Releases: spider-rs/spider
v1.97.0
v1.96.0
Whats Changed
Fix chrome stealth handling user-agent
- chore(website): fix chrome stealth handling agent
- chore(website): add safe semaphore handling
Full Changelog: v1.95.25...v1.96.0
v1.95.28
Whats Changed
The website crawl status now returns the proper state without reseting.
- chore(website): fix crawl status persisting
Full Changelog: v1.95.25...v1.95.28
v1.95.27
Whats Changed
This release provides a major fix for crawls being delayed by respect robots or crawl delays. If you set a limit or budget for the crawl and a robots.txt contains a delay of 10s this would be a bottleneck for the entire crawl when limits applied since the we would have to wait for each link to process prior to exiting. The robots delay is now maxed at 60s for efficiency.
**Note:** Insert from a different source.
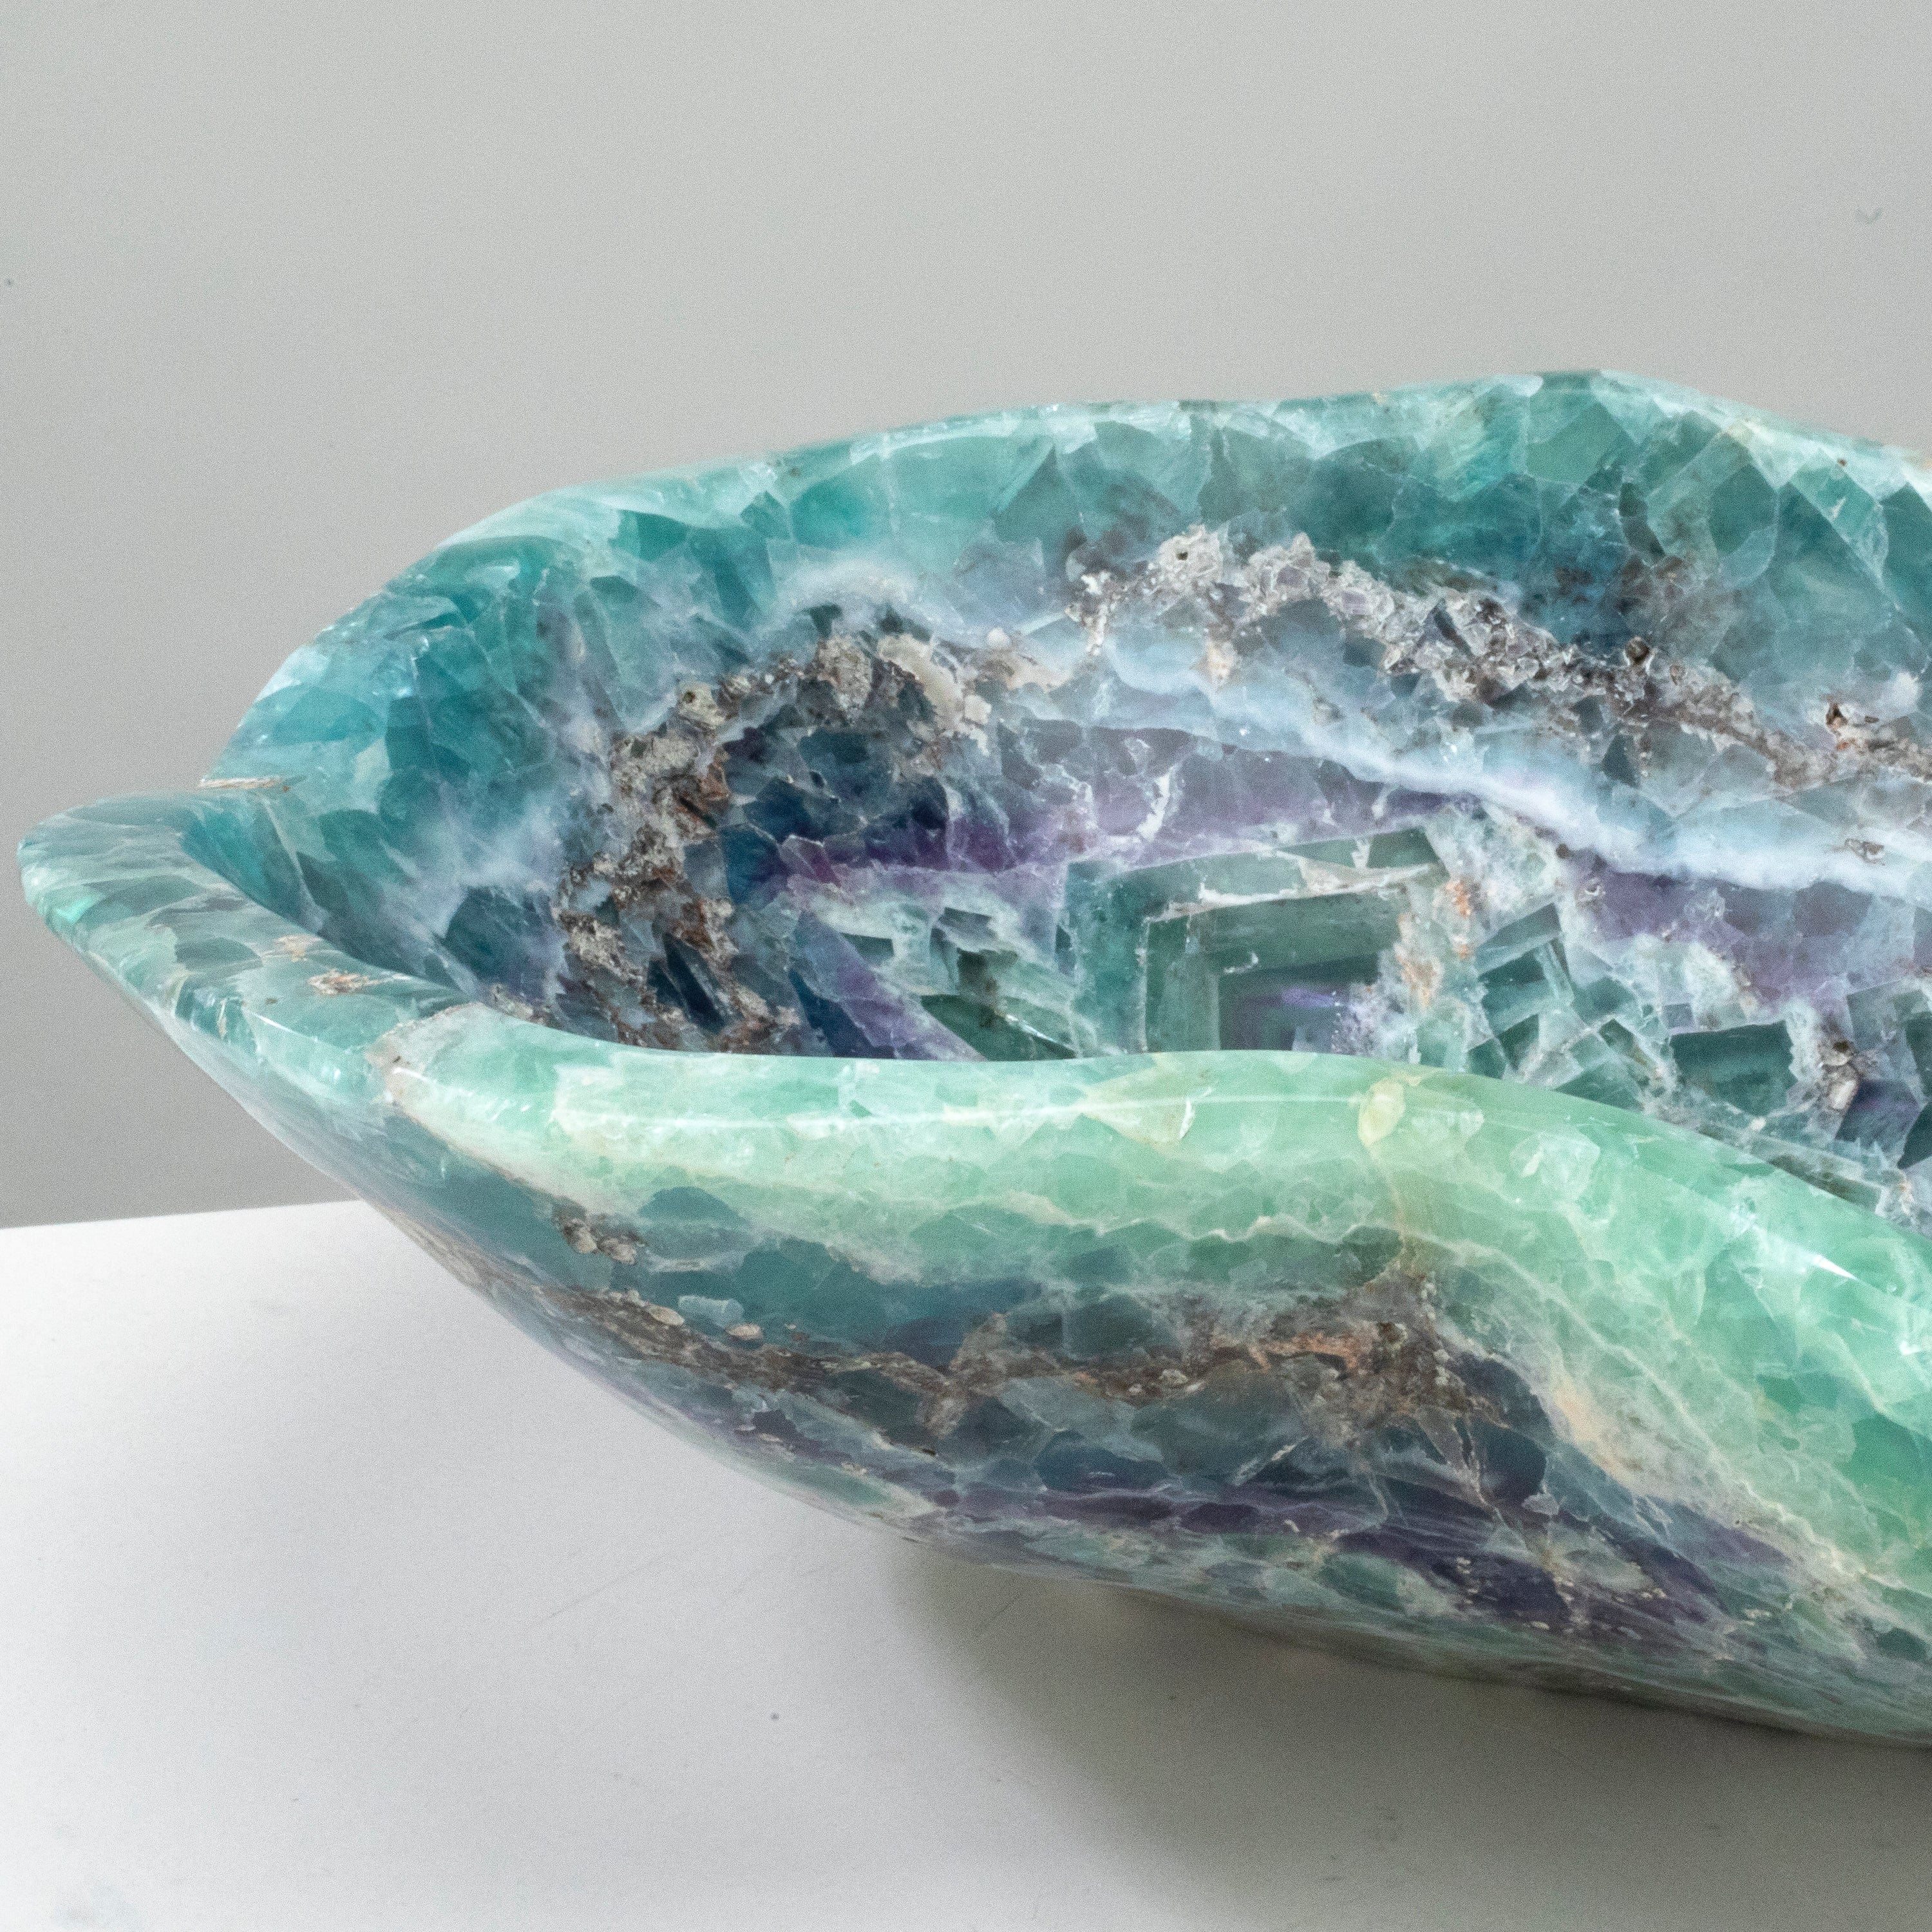 KALIFANO Gemstone Bowls Natural Blue / Green Fluorite Bowl 13" BFL7600.001

- chore(cli): fix limit respecting
- chore(robots): fix respect robots [#184]
- bump chromiumoxide@0.6.0
- bump tiktoken-rs@0.5.9
- bump hashbrown@0.14.5
- add zstd support reqwest
- unpin smallvec
- chore(website): fix crawl limit immediate exit
- chore(robots): add max delay respect
Full Changelog: v1.95.6...v1.95.27
v1.95.9
Whats Changed
- chore(openai): fix smart mode passing target url
- chore(js): remove alpha js feature flag - jsdom crate
- chore(chrome): remove unnecessary page activation
- chore(openai): compress base prompt
- chore(openai): remove hidden content from request
Full Changelog: v1.94.4...v1.95.9
v1.94.4
Whats Changed
Using a hybrid cache between chrome CDP Request and HTTP Request can be done using the cache_chrome_hybrid
feature flag.
You can simulate browser http headers to help increase the chance of the request with http using the real_browser
flag.
- feat(cache): add chrome caching between http
- feat(real_browser): add http simulation headers
Full Changelog: v1.93.43...v1.94.4
v1.93.43
Whats Changed
Generating random real user-agents can now be done using ua_generator@0.4.1
.
Spoofing http headers can now be done with the spoof
flag.
Use ua_generator::ua::UserAgents if you need dynamic User-Agent randomizer followed with website.with_user_agent
.
- feat(spoof): add referrer spoofing
- feat(spoof): add real user-agent spoofing
- feat(chrome): add dynamic chrome connections
Full Changelog: v1.93.23...v1.93.43
v1.93.13
Whats Changed
Updated crate compatibility with reqwest@0.12.4
and fixed headers compile for worker
.
Remove http3
feature flag - follow the unstable instructions if needed.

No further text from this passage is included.